Activity:
Your copy of the data should leave out the images and match everything else exactly.

Information shown:

****************

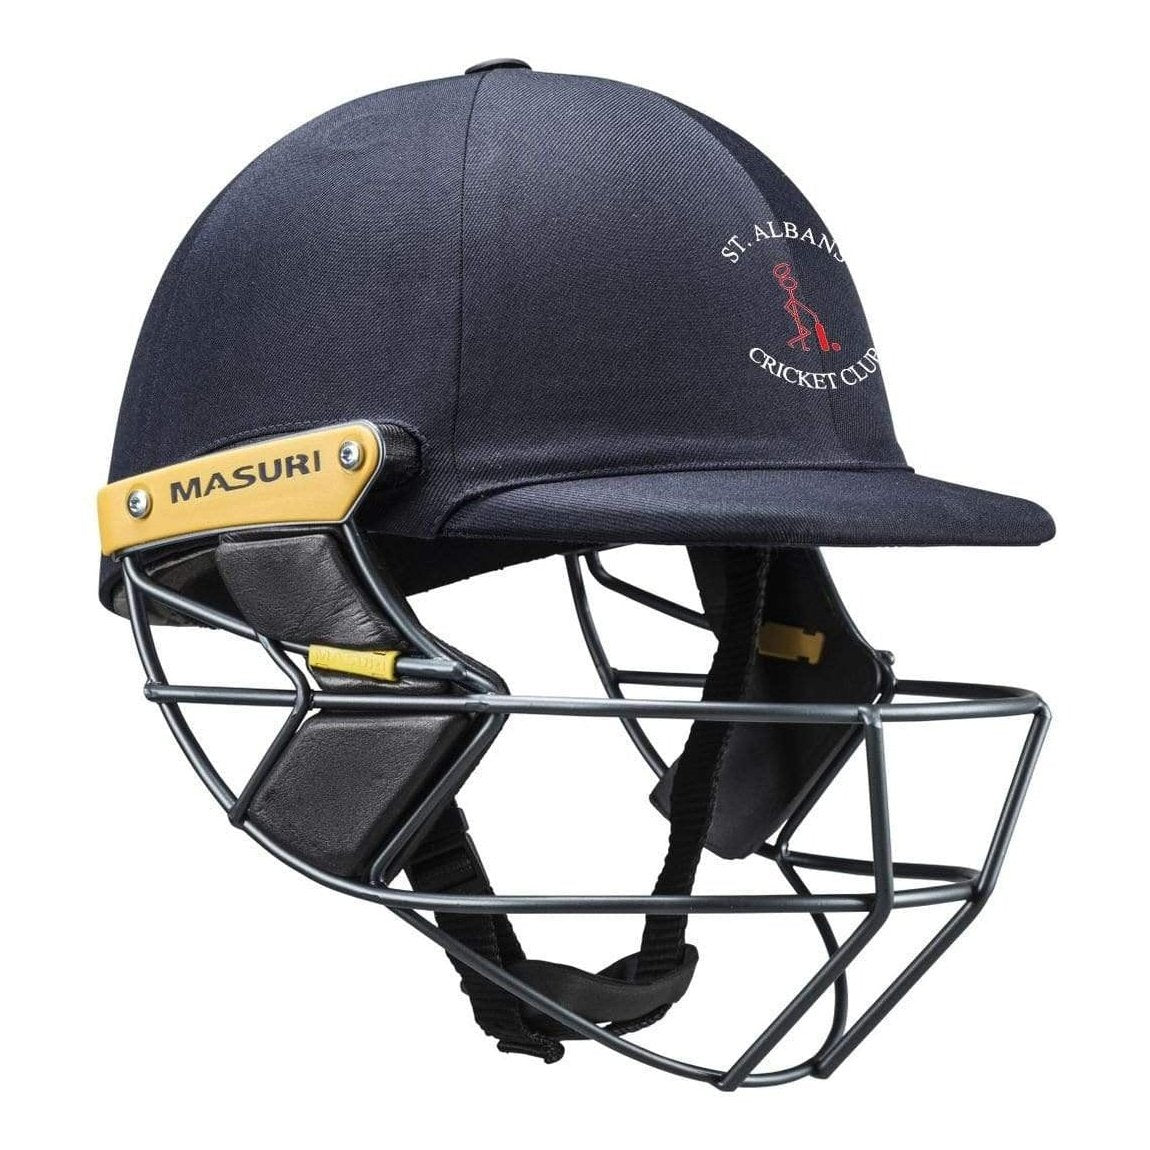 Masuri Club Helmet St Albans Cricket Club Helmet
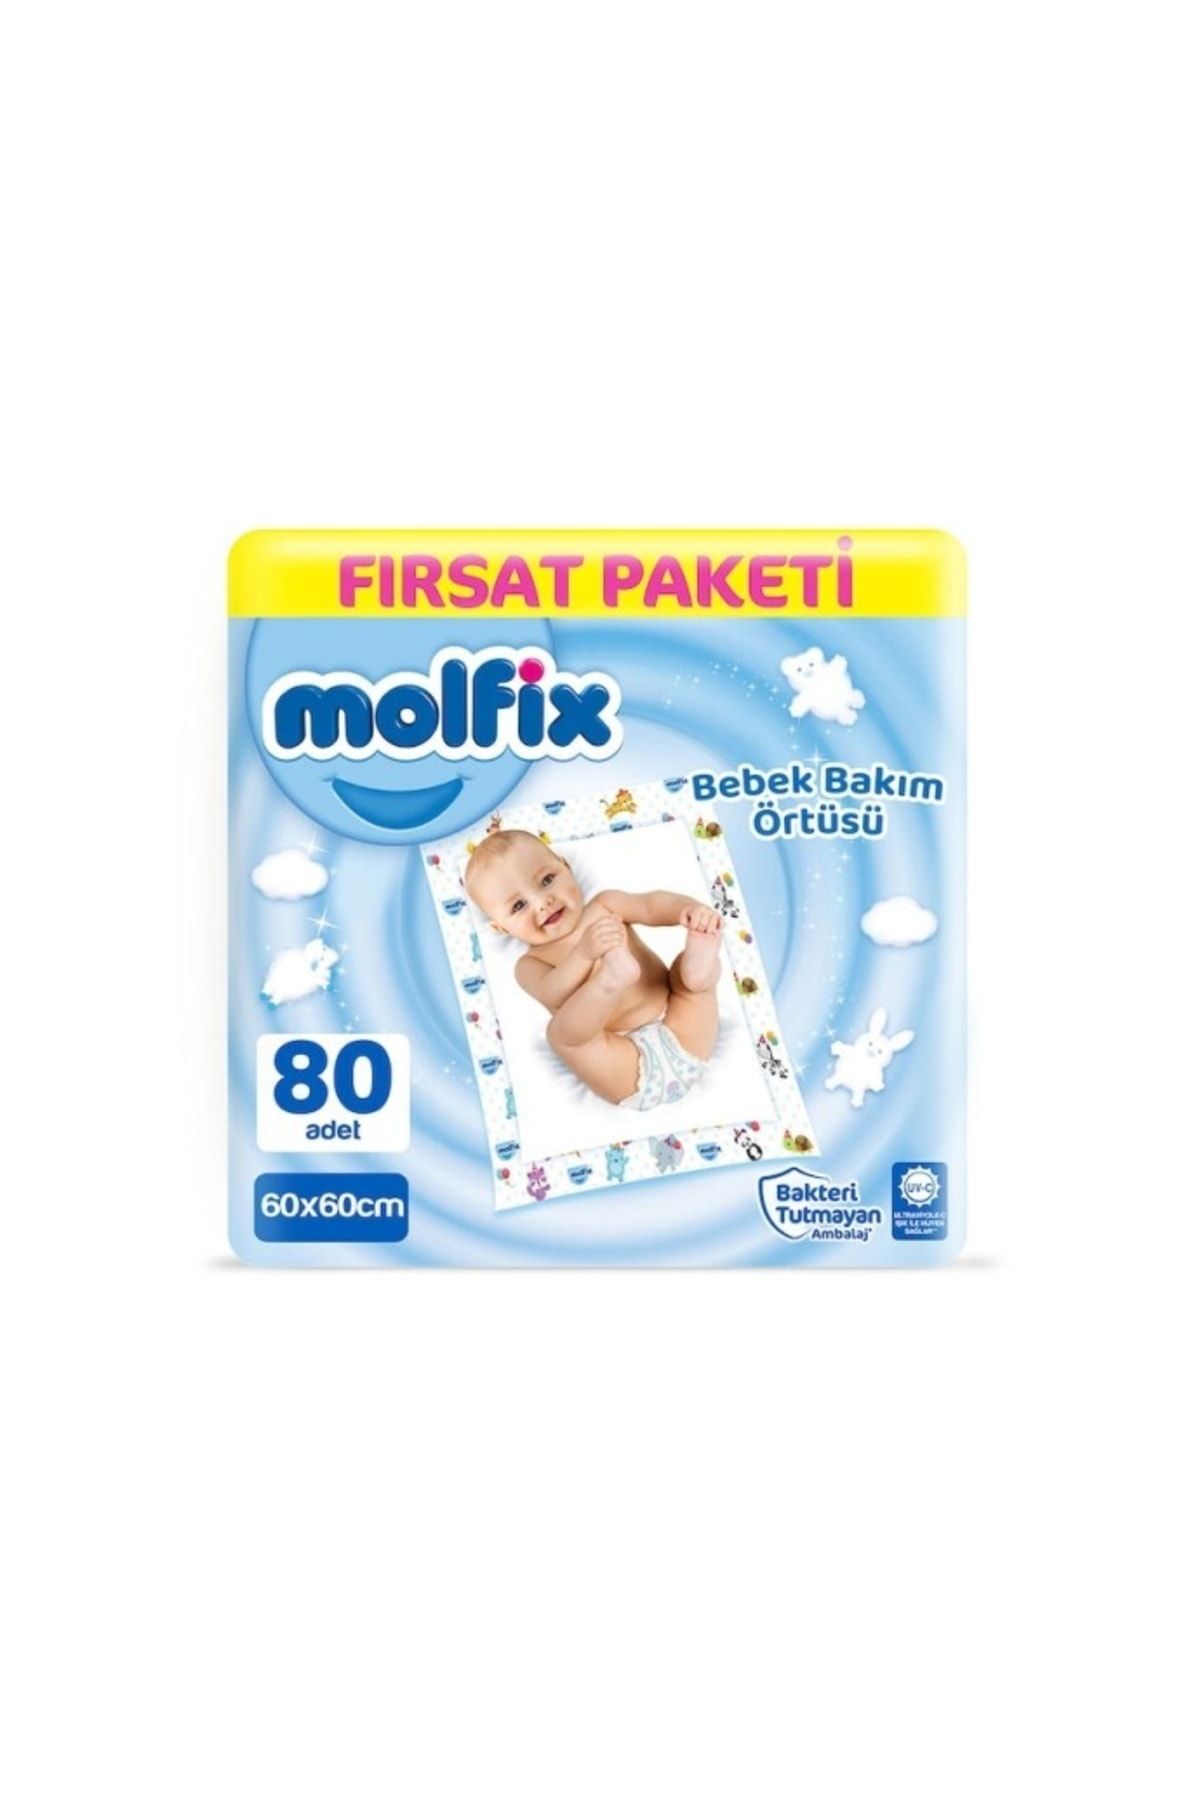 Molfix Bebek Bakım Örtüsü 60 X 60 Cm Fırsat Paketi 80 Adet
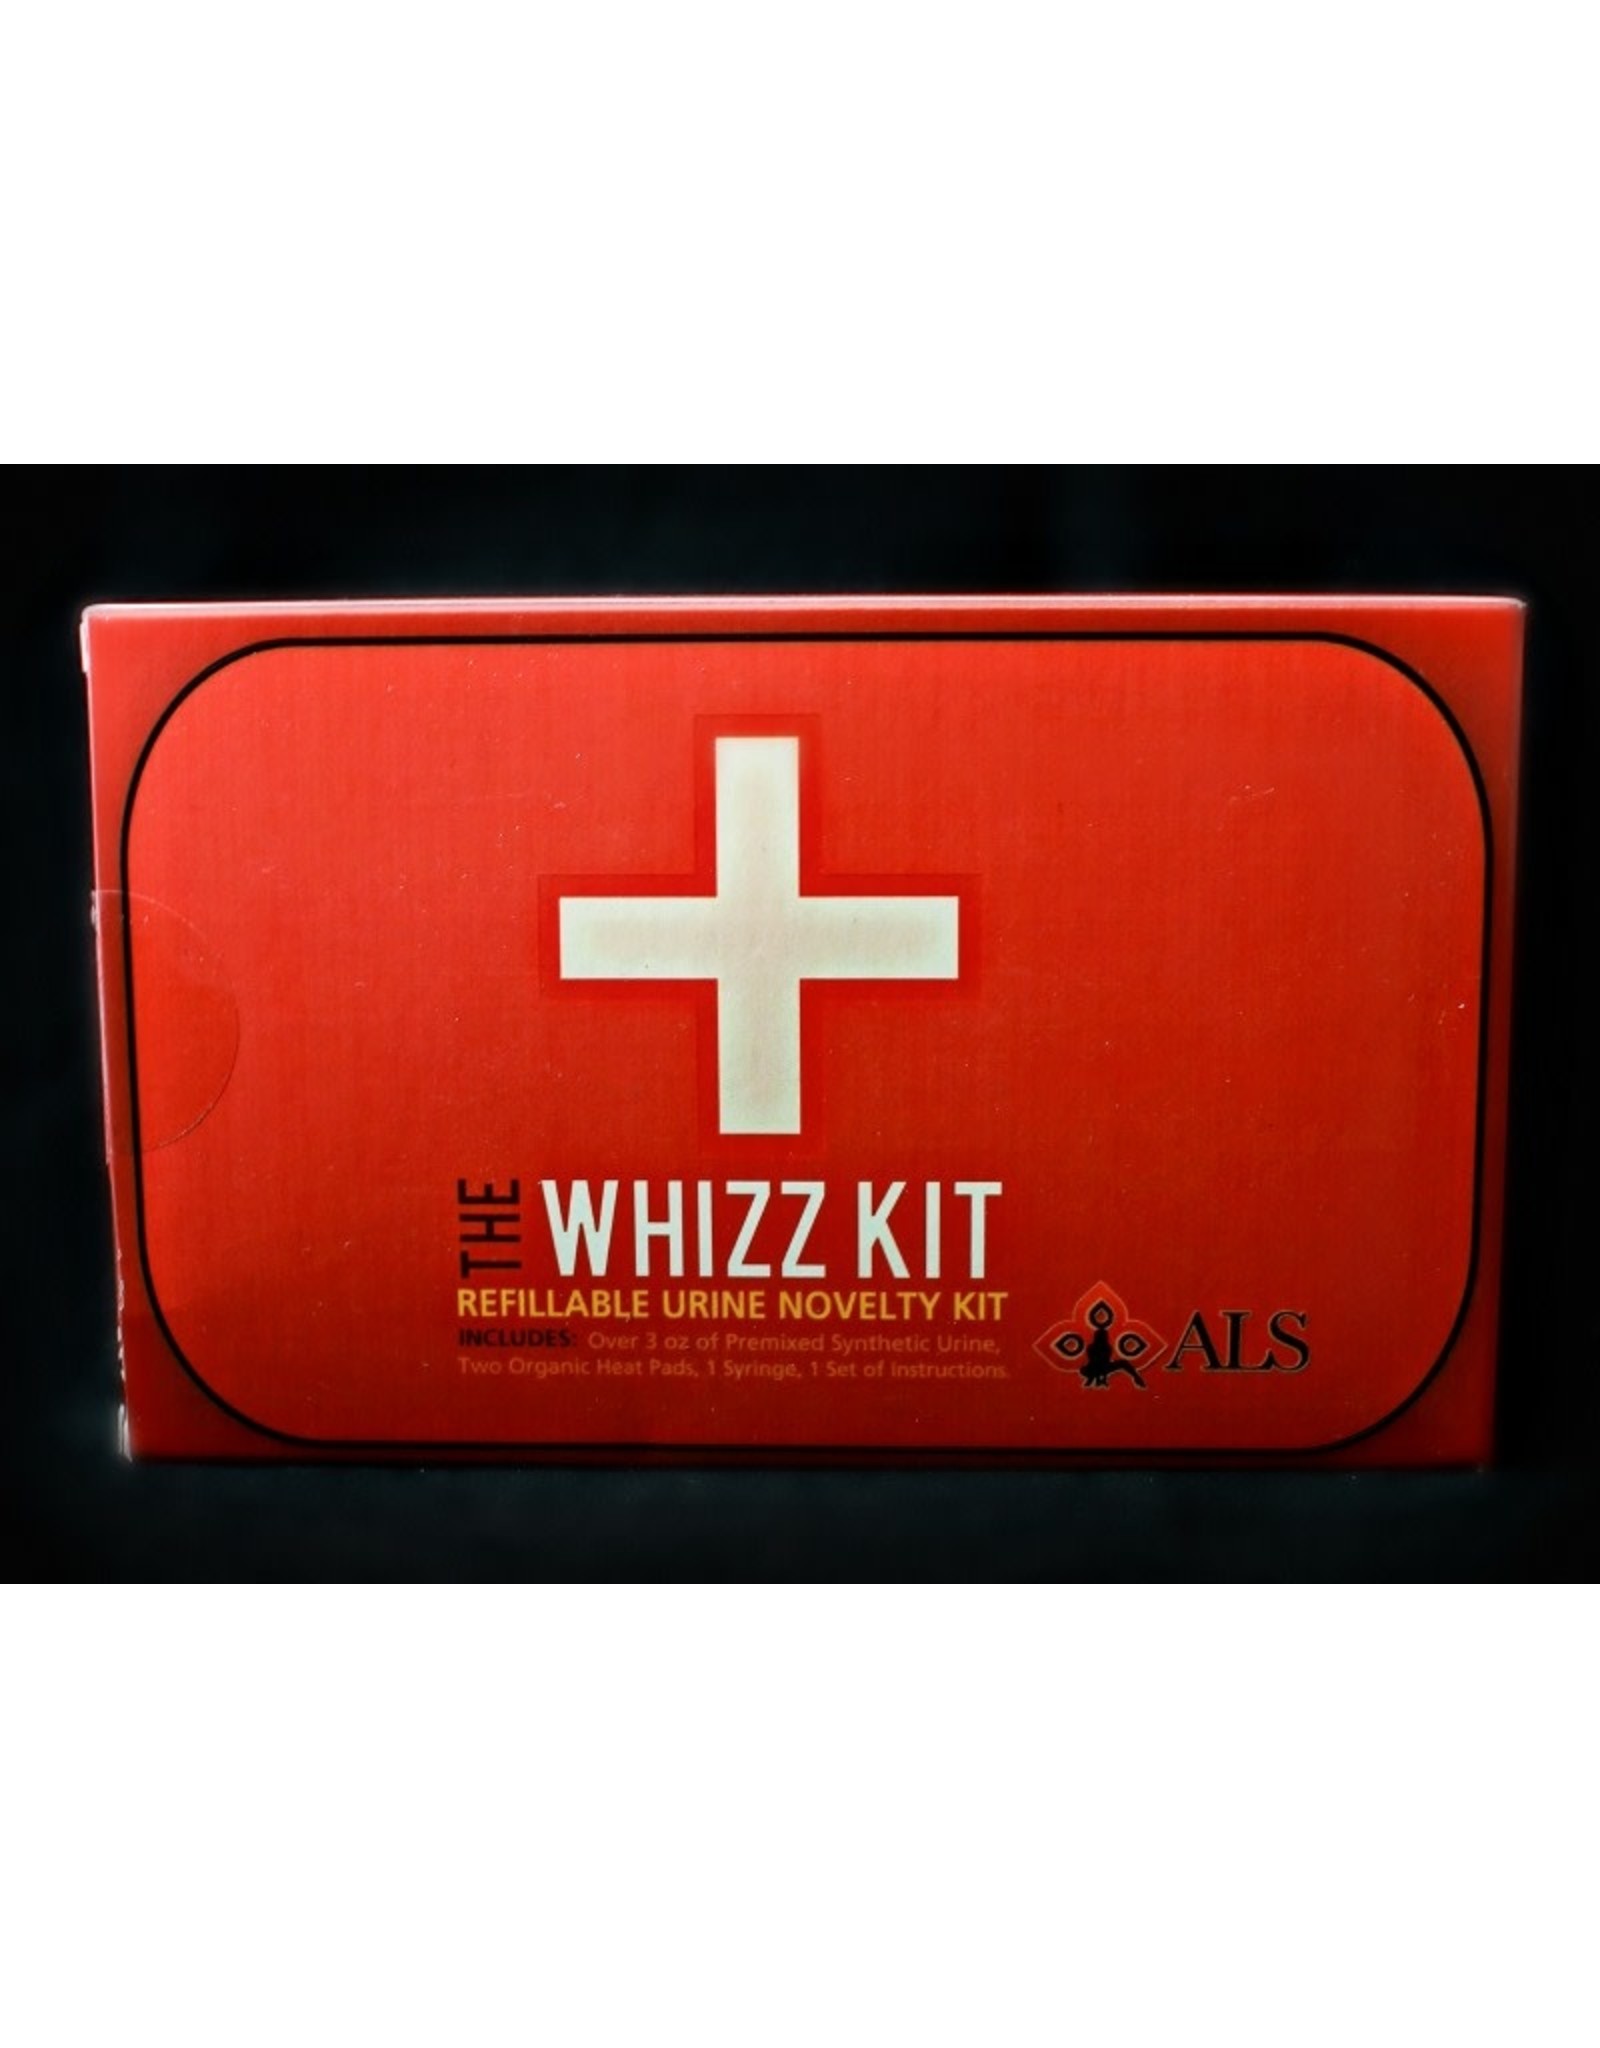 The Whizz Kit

****************

Your response:
 Masuri Club Helmet St Albans Cricket Club Helmet
 Molfix Bebek Bakım Örtüsü 60 X 60 Cm Fırsat Paketi 80 Adet
 The Whizz Kit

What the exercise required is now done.